_DATASET EXTRACT_.
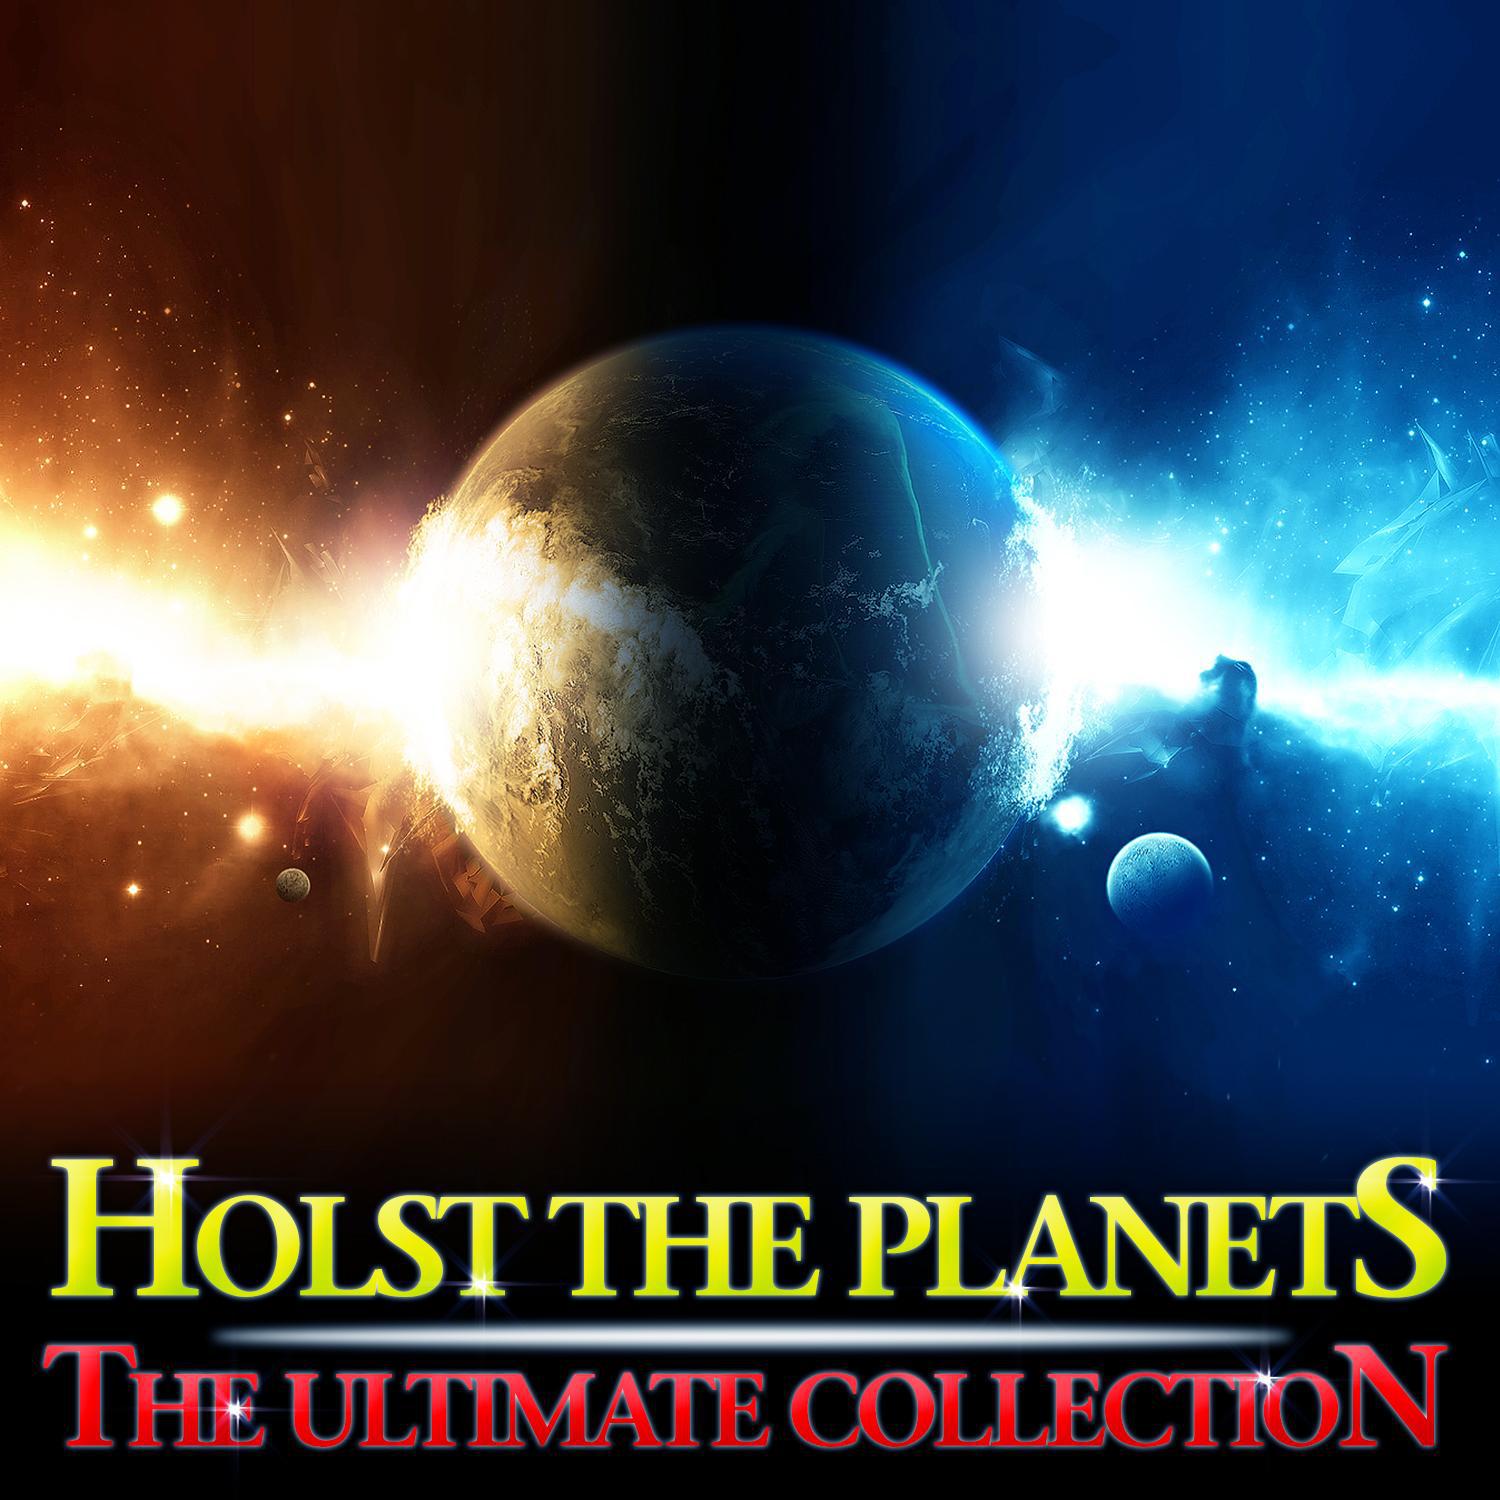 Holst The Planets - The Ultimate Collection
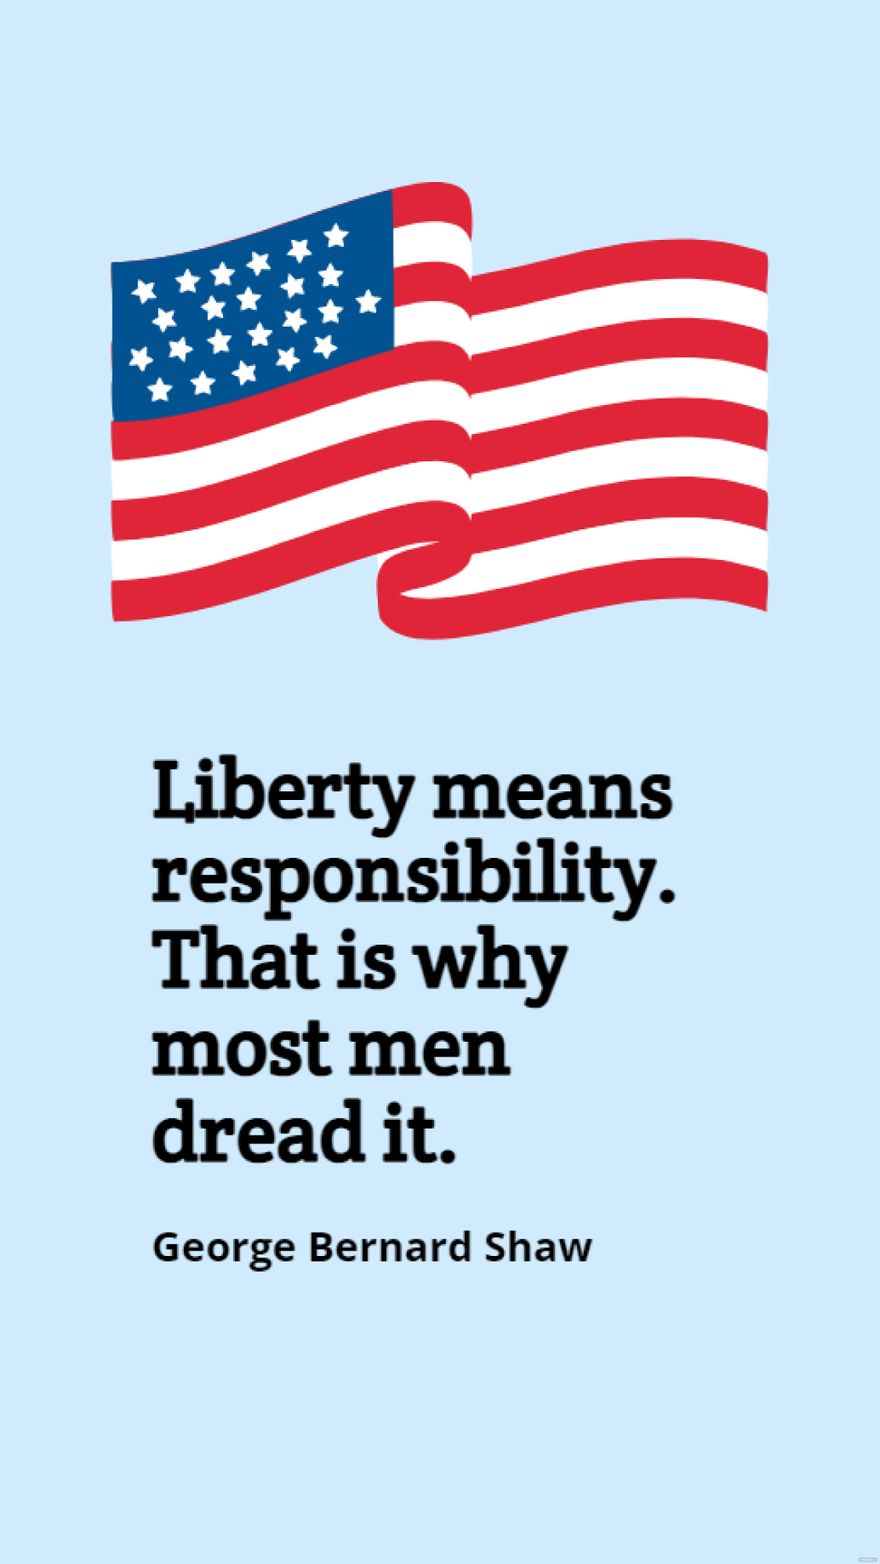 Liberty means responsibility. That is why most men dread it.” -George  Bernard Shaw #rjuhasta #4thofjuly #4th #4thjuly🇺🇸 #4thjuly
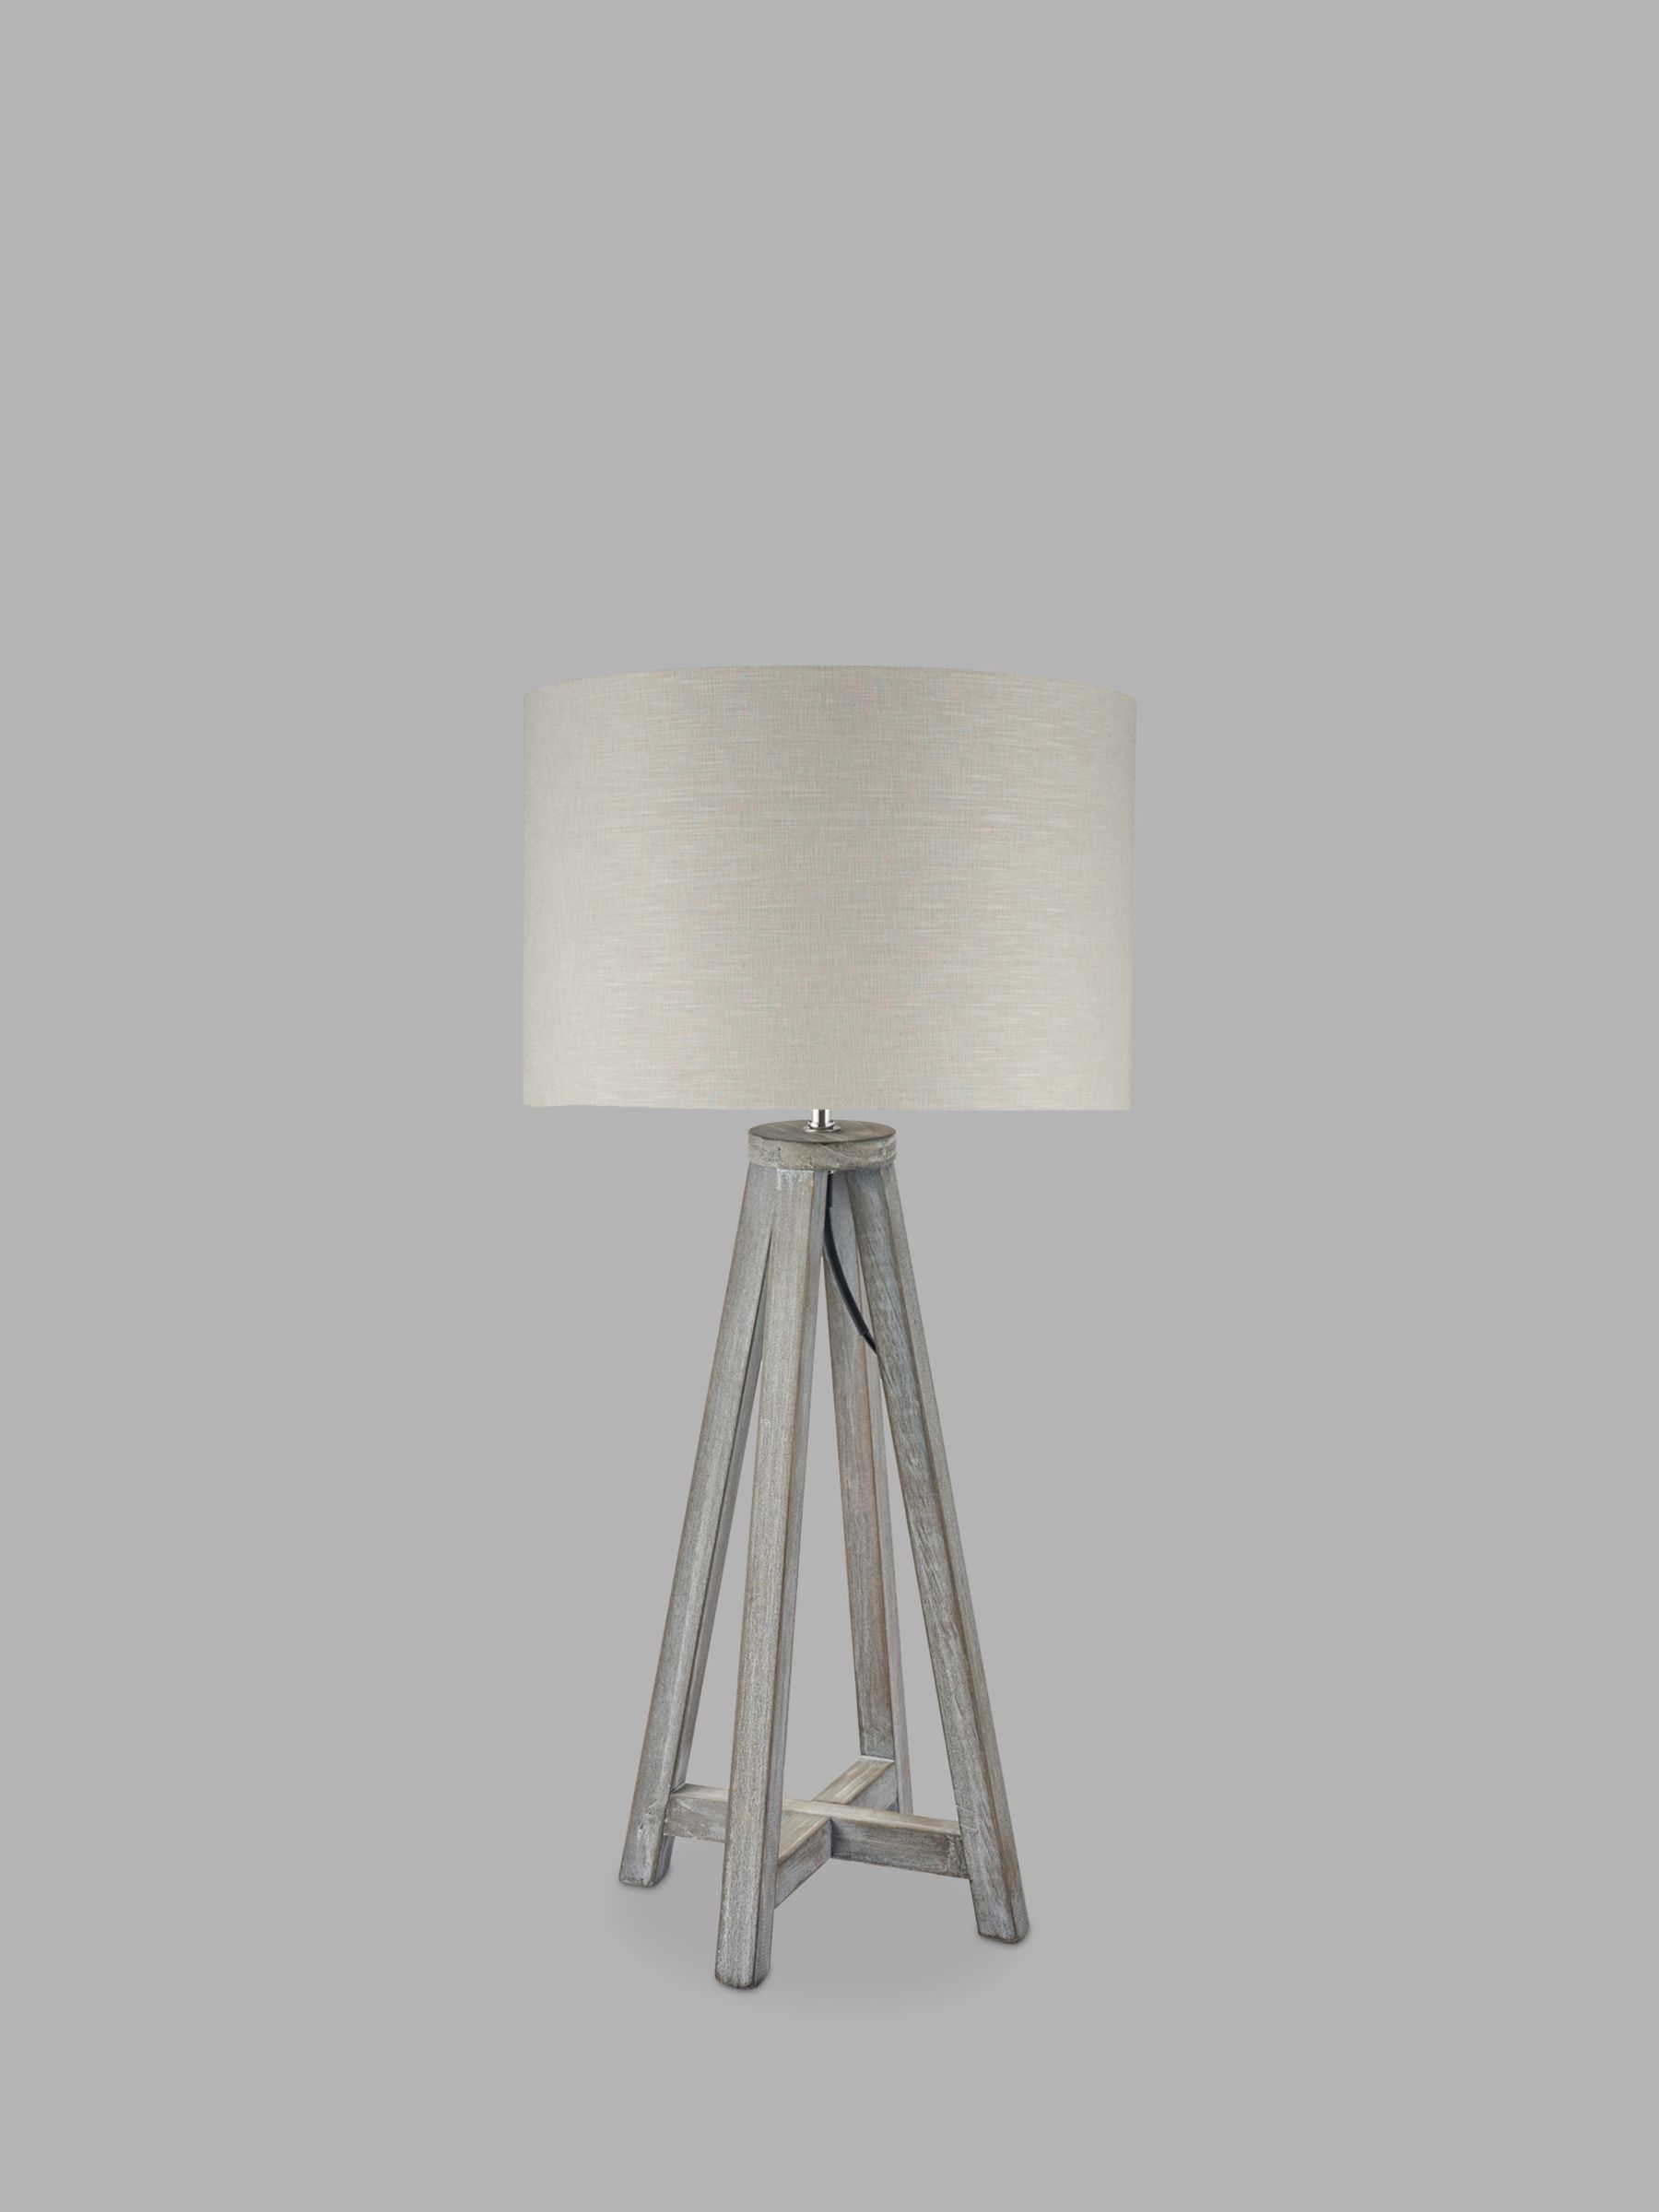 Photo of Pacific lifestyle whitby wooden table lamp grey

_EXERCISE DETAILS_.
All of the material above should be output exactly, with the pictures left behind.

_ANSWER BOX_.
 Holst The Planets - The Ultimate Collection
 Liberty means responsibility. That is why most men dread it.” -George  Bernard Shaw #rjuhasta #4thofjuly #4th #4thjuly🇺🇸 #4thjuly
 Photo of Pacific lifestyle whitby wooden table lamp grey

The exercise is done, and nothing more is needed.